La fe religiosa sublima y supera la realidad. El creyente no quiere saber la verdad, decía Nietzsche, le basta con la fe. "La fe engaña a los hombres, pero le da brillo a la mirada", apostillaba R. Tagore. Pues, sí. Algo (o mucho) de eso es lo que hay. Desde luego, yo no voy a menospreciar la fe ni a las personas que la practican. Lo que siempre criticaré será la intransigencia y el fanatismo, porque ciegan las luces e imposibilitan cualquier debate o acercamiento. He sido creyente fervoroso durante muchos años. He conocido a gente de ciencia que son creyentes. La historia universal está repleta de científicos, investigadores, literatos, artistas... intelectuales que creen en Dios. Tengo para mí que ciencia y fe son dos mundos que, ora se juntan, ora se pelean, como hacen los hermanos cuando chaveas, dos trenes en vías paralelas que pretenden llevarnos al mismo destino, el de la verdad, y que unas veces se acercan tanto que casi se rozan entre ellos, y otras divergen tanto que parece que uno vaya para Sevilla y el otro, para Almería. La fe, por tanto, no es signo de ignorancia, ni mucho menos. Es otra cosa, otra dimensión del pensar y del conocer, un subproducto primitivo surgido del sentimiento y de la intuición para dar respuesta a realidades ocultas. Mitos que expliquen lo inexplicable. La razón es el dominio de la ciencia, algo sobrevenido a nuestro cerebro con posterioridad. Ciencia y fe, razón y sentimiento, qué fácil en la teoría, qué complejo en la práctica. No puedo olvidarme de nuestro gran Antonio Machado cuando en su "Juan de Mairena" de 1936 sentenció: "No fue la razón, sino la fe en la razón lo que mató en Grecia la fe en los dioses".

De otra manera, no se explica el fenómeno que yo creía atávico acaecido en estos días en muchos puntos de la geografía patria: el de las rogativas por la lluvia. Vírgenes de diferentes advocaciones, Señor de Las Aguas, san Isidros... , procesionados en nuestros pueblos y ciudades con rezos y cánticos imploradores de agua. Algo sentido como natural y necesario por muchos creyentes -no todos. Algo anacrónico, esperpéntico, vergonzoso para muchos no creyentes. Sin fe es imposible entender tal fenómeno. Llamo al móvil de un amigo sacerdote, muy cercano al obispo.

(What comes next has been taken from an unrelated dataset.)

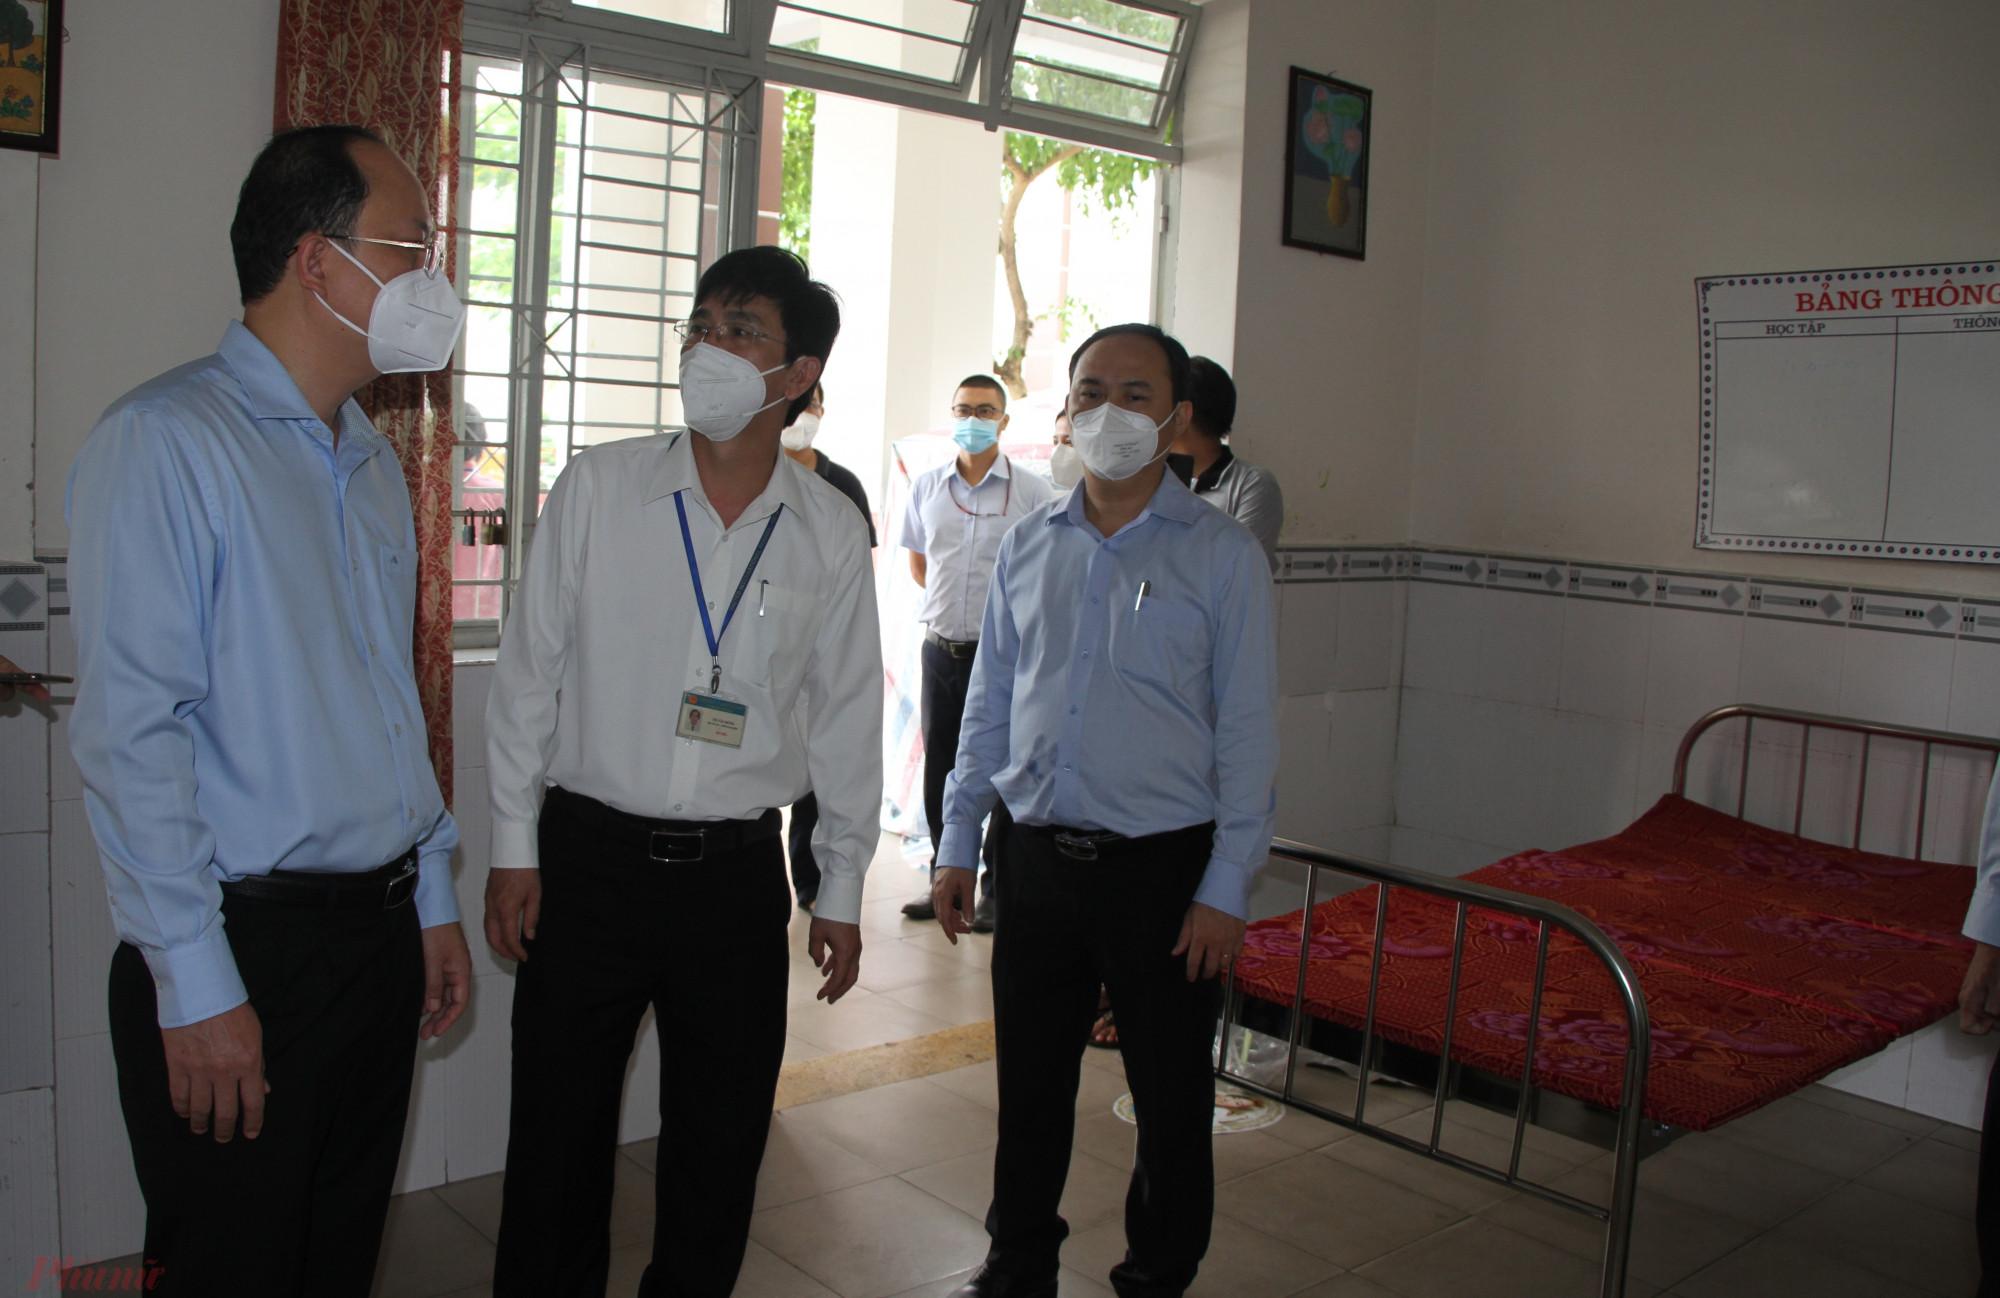 Phó bí thư Thành ủy TPHCM Nguyễn Hồ Hải kiểm tra khu điều trị cấp cứu bệnh nhân  COVID -19 tại khu cách ly  135, Hoàng Hoa Thám, phường 13, quận Tân Bình

-¡Por Dios bendito! -le increpo nada más empezar la conversación- ¿Cómo es posible que permitáis este esperpento de procesiones en el siglo en que vivimos? ¡Que ya no estamos en el Nacional catolicismo, por Dios!!!

-Hombre, José María, no te lo tomes así. De toda la vida del Señor esto ha sido y es expresión de la religiosidad popular. De sobra sabemos que no va a llover por mucho que imploremos al Altísimo y a su Santa Madre, pero no podemos ni debemos reprimir lo último y más sagrado que le queda a la gente: su fe.

-Pero, hombre -protesto-: para eso estáis los pastores ¿no? Para procurar que el rebaño no se descarríe por caminos ya abandonados.

-¿Abandonados? Eso será lo que tú te crees. Esa costumbre de sacar a los santos sigue tan vigente como en nuestros años de seminario, o más. Mira tú éste.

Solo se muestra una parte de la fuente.